Chesapeake Gold Announces $4.4 Million Non-Brokered Private Placement With Eric Sprott
After completion of the Private Placement, Eric Sprott will beneficially own and control 12,883,499 Common Shares, and 1,850,000 Warrants representing approximately 17.9% of the outstanding Common Shares on a non-diluted basis and 19.9% of the outstanding Common Shares on a partially diluted basis assuming exercise of such Warrants.
Jean-Paul Tsotsos, Interim Chief Executive Officer, commented, "We are pleased to see Eric Sprott increase his investment in Chesapeake. His longstanding support reflects confidence in our strategic objectives and vision. The financing will be instrumental in accelerating the testing of our proprietary leach technology on Metates and soon other project opportunities. We are excited that the coming year will unlock significant shareholder value supported by delivering key milestones."
The net proceeds of the Private Placement will be used to advance the Company's proprietary oxidative leach technology, ongoing exploration, including the Lucy project, and for general working capital. There are no finder's fees or other commissions associated with the Private Placement.
The Private Placement is subject to the receipt of all necessary approvals, including the approval of the TSX Venture Exchange. The Units issued under the Private Placement will be subject to a hold period under applicable Canadian securities laws until four months and one day after the closing of the Private Placement.
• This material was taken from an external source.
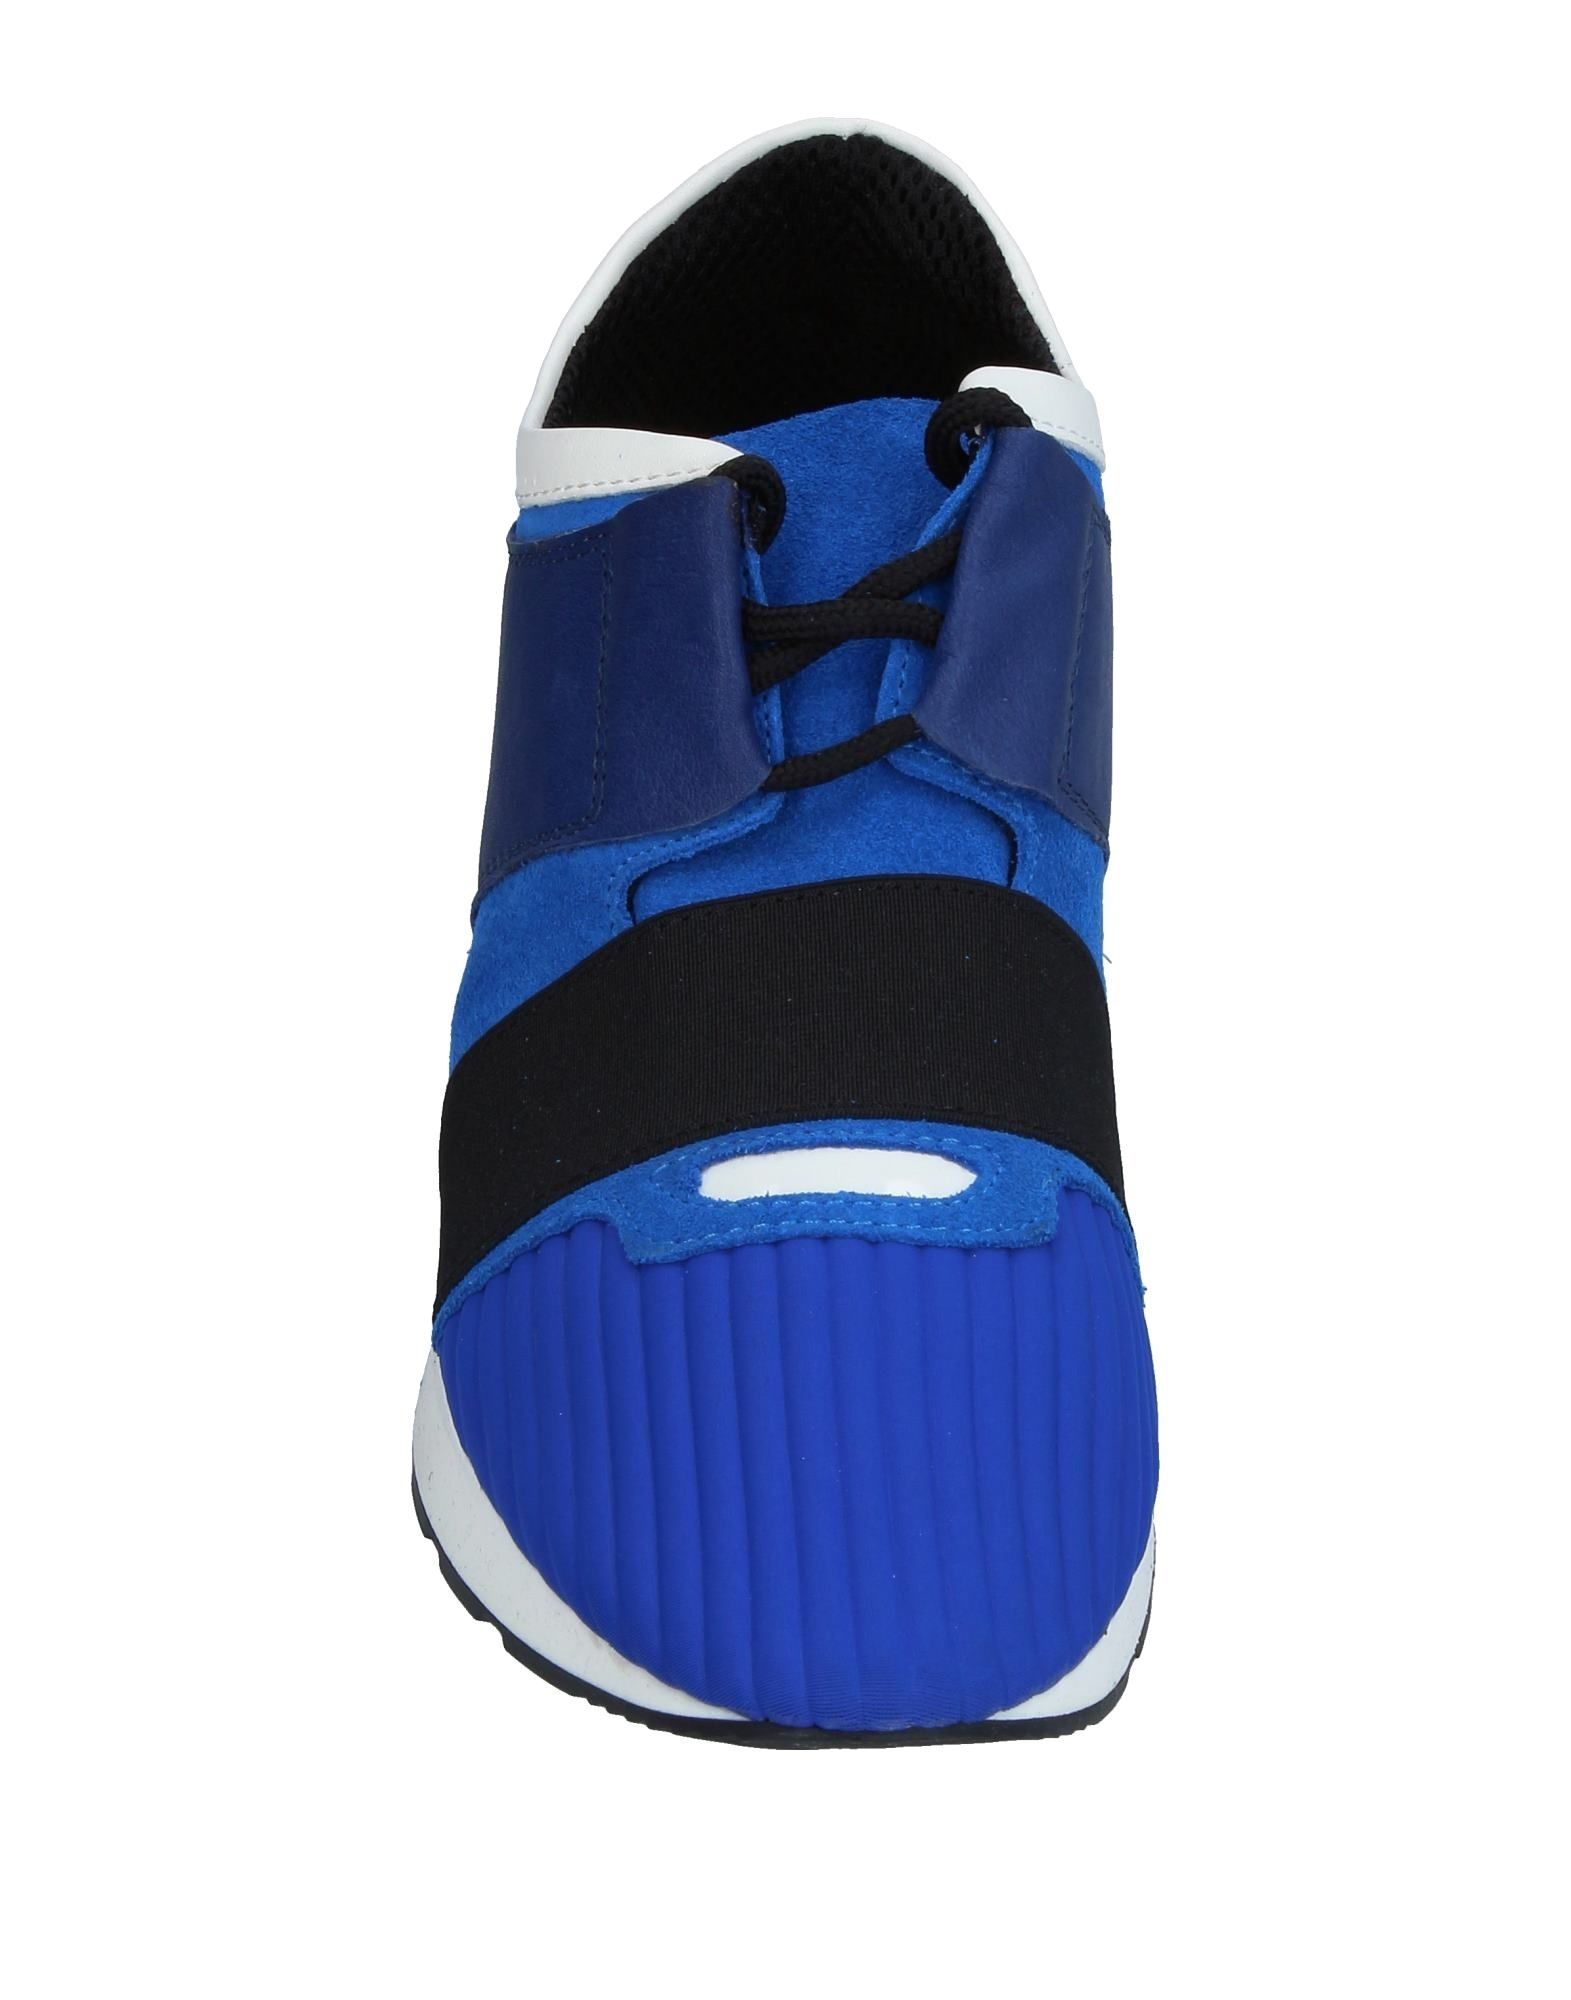 Sneakers Bottega Marchigiana Femme - Sneakers Bottega Marchigiana sur

The securities described in this news release have not been, and will not be, registered under the United States Securities Act of 1933, as amended (the " U.S. Securities Act "), or any applicable securities laws of any state of the United States, and may not be offered or sold within the United States or to, or for the account or benefit of, U.S. persons (as such term is defined in Regulation S under the U.S. Securities Act) or persons in the United States unless registered under the U.S. Securities Act and any other applicable securities laws of the United States or an exemption from such registration requirements is available. This news release does not constitute an offer to sell or a solicitation of an offer to buy any of these securities within any jurisdiction, including the United States.
The Private Placement involves a "related party transaction" within the meaning of TSX Venture Exchange Policy 5.9 (the " Policy ") and Multilateral Instrument 61-101-Protection of Minority Security Holders in Special Transactions (" MI 61-101 ") adopted in the Policy. The Company intends to rely on exemptions from the formal valuation and minority shareholder approval requirements of MI 61-101 contained in sections 5.5(a) and 5.7(1)(a) of MI 61-101 in respect of related party participation in the Private Placement as neither the fair market value (as determined under MI 61-101) of the subject matter of, nor the fair market value of the consideration for, the transaction is expected to exceed 25% of the Company's market capitalization (as determined under MI 61-101).